# 11.4 - Example: Digit Recognition

11.4 - Example: Digit Recognition

Here we have 10 digits, 0 through 9, and as you might see on a calculator, they are displayed by different on-off combinations of seven horizontal and vertical light bars.

In this case, each digit is represented by a 7-dimensional vector of zeros and ones. The $$i^{th}$$ sample is $$x_i = (x_{i1} , x_{i2}, \cdots , x_{i7})$$. If $$x_{ij} = 1$$, the $$j^{th}$$ light is on; if $$x_{ij} = 0$$, the $$j^{th}$$ light is off.

If the calculator works properly, the following table shows which light bars should be turned on or off for each of the digits.

Let's suppose that the calculator is malfunctioning. Each of the seven lights has probability 0.1 of being in the wrong state independently. In the training data set 200 samples are generated according to the specified distribution.

A classification tree is applied to this dataset. For this data set, each of the seven variables takes only two possible values: 0 and 1. Therefore, for every variable, the only possible candidate question is whether the value is on (1) or off (0). Consequently, we only have seven questions in the candidate pool: Is $$x_{. j}= 0?, j = 1, 2, \cdots , 7$$.

In this example, the twoing rule is used in splitting instead of the goodness of split based on an impurity function. Also, the result presented was obtained using pruning and cross-validation.

### Classification Performance

#### Results:

• The error rate estimated by using an independent test dataset of size 5000 is 0.30.
• The error rate estimated by cross-validation using the training dataset which only contains 200 data points is also 0.30. In this case, the cross-validation did a very good job for estimating the error rate.
• The resubstitution estimate of the error rate is 0.29. This is slightly more optimistic than the true error rate.

Here pruning and cross-validation effectively help avoid overfitting. If we don't prune and grow the tree too big, we might get a very small resubstitution error rate which is substantially smaller than the error rate based on the test data set.

• The Bayes error rate is 0.26. Remember, we know the exact distribution for generating the simulated data.  Therefore the Bayes rule using the true model is known.
• There is little room for improvement over the tree classifier.

The tree obtained is shown below:

We can see that the first question checks the on/off status of the fifth light. We ask whether $$x_5 = 0$$. If the answer is yes (the light is off), go to the left branch. If the answer is no, take the right branch. For the left branch, we ask whether the fourth light, $$x_4$$, is on or off. If the answer is yes, then we check the first light, $$x_1$$. If $$x_1$$ is off then we say that it is digit 1, if the answer is no then it is a 7. The square nodes are leaf nodes, and the number in the square is the class label, or the digit, assigned to the leaf node.

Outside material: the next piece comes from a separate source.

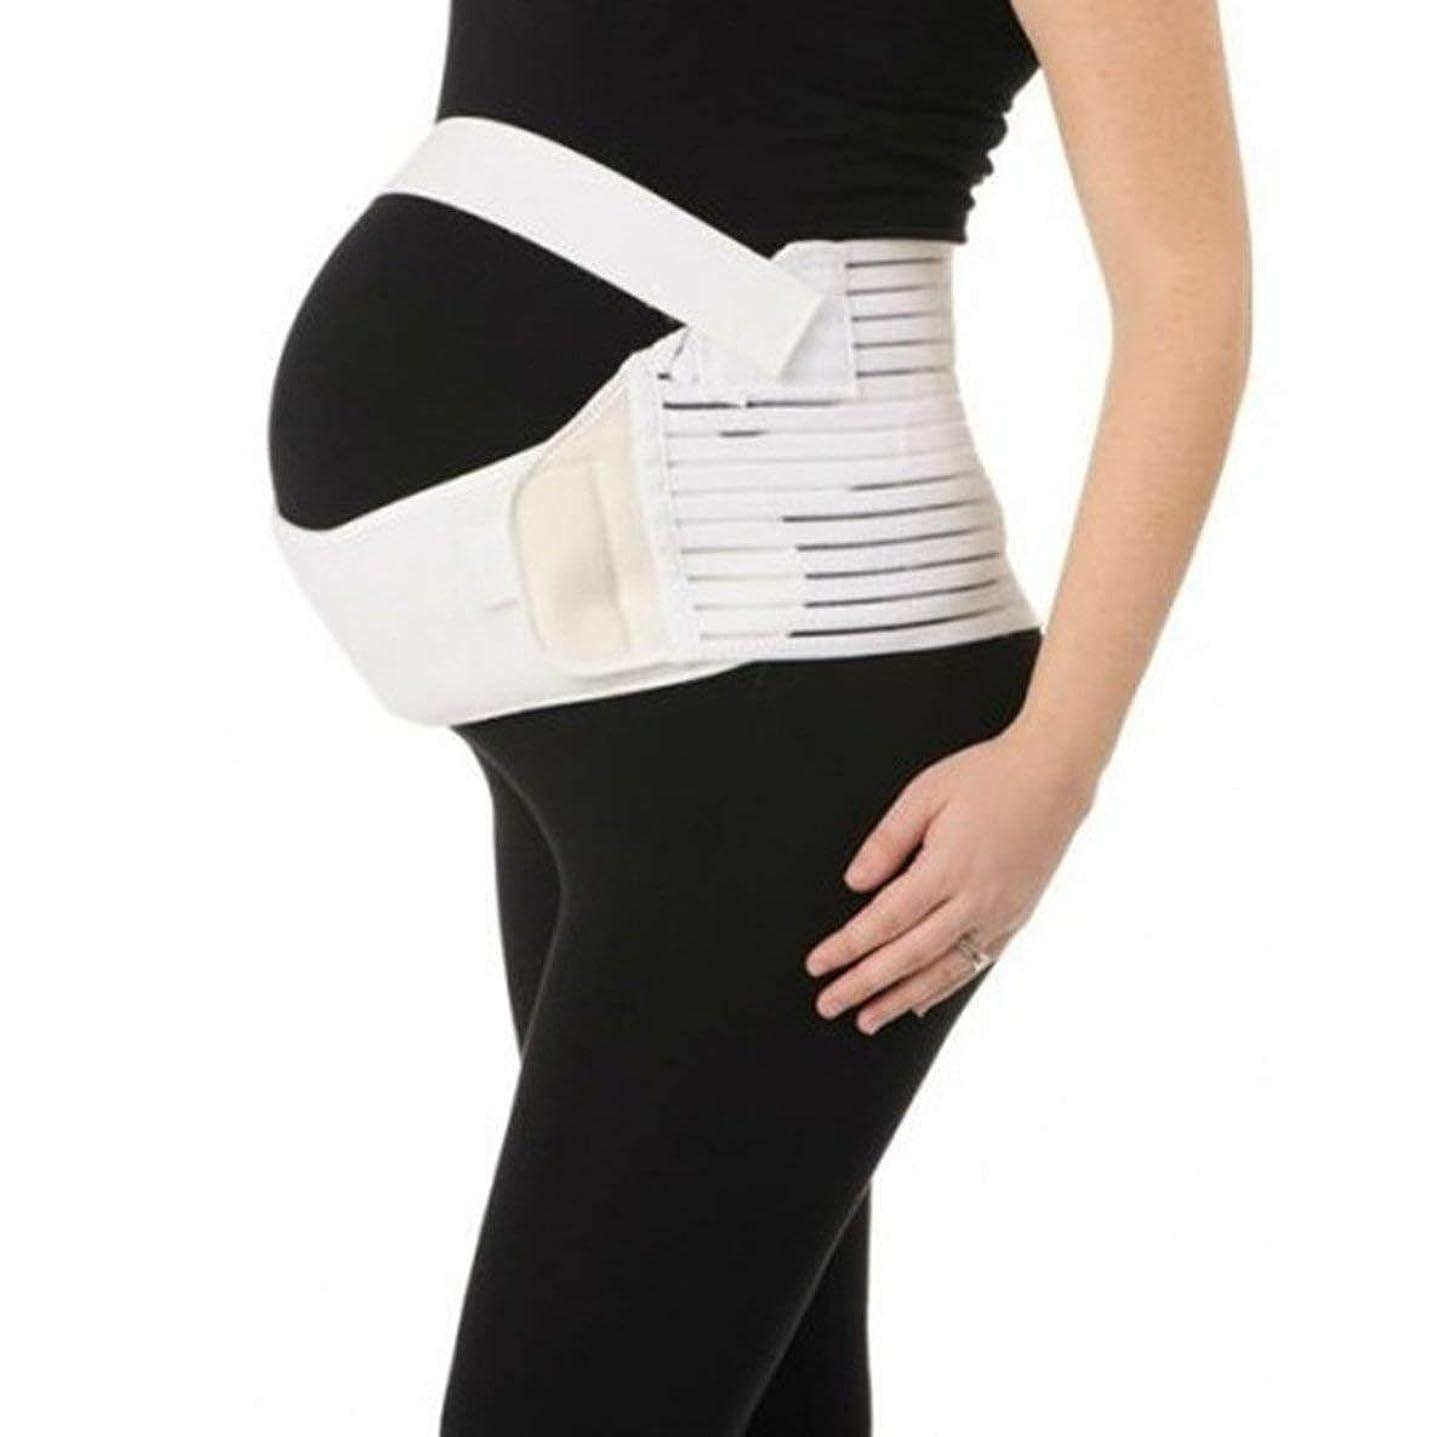 野球領事館すでに通気性マタニティベルト妊娠腹部サポート腹部バインダーガードル運動包帯産後の回復shapewear - ホワイトL

In general, one class may occupy several leaf nodes and occasionally no leaf node.

Interestingly, in this example, every digit (or every class) occupies exactly one leaf node. There are exactly 10 leaf nodes. But this is just a special case.

Another interesting aspect about the tree in this example is that $$x_6$$ and $$x_7$$ are never used. This shows that classification trees sometimes achieve dimension reduction as a by-product.

## Example: Waveforms

Let's take a look at another example concerning waveforms. Let's first define three functions $$h_1(\tau), h_2(\tau), h_3(\tau)$$ which are shifted versions of each other, as shown in the figure below:

We specify each $$h_j$$ by its values at integers $$\tau =1 \tilde 21$$. Therefore, every waveform is characterized by a 21-dimensional vector.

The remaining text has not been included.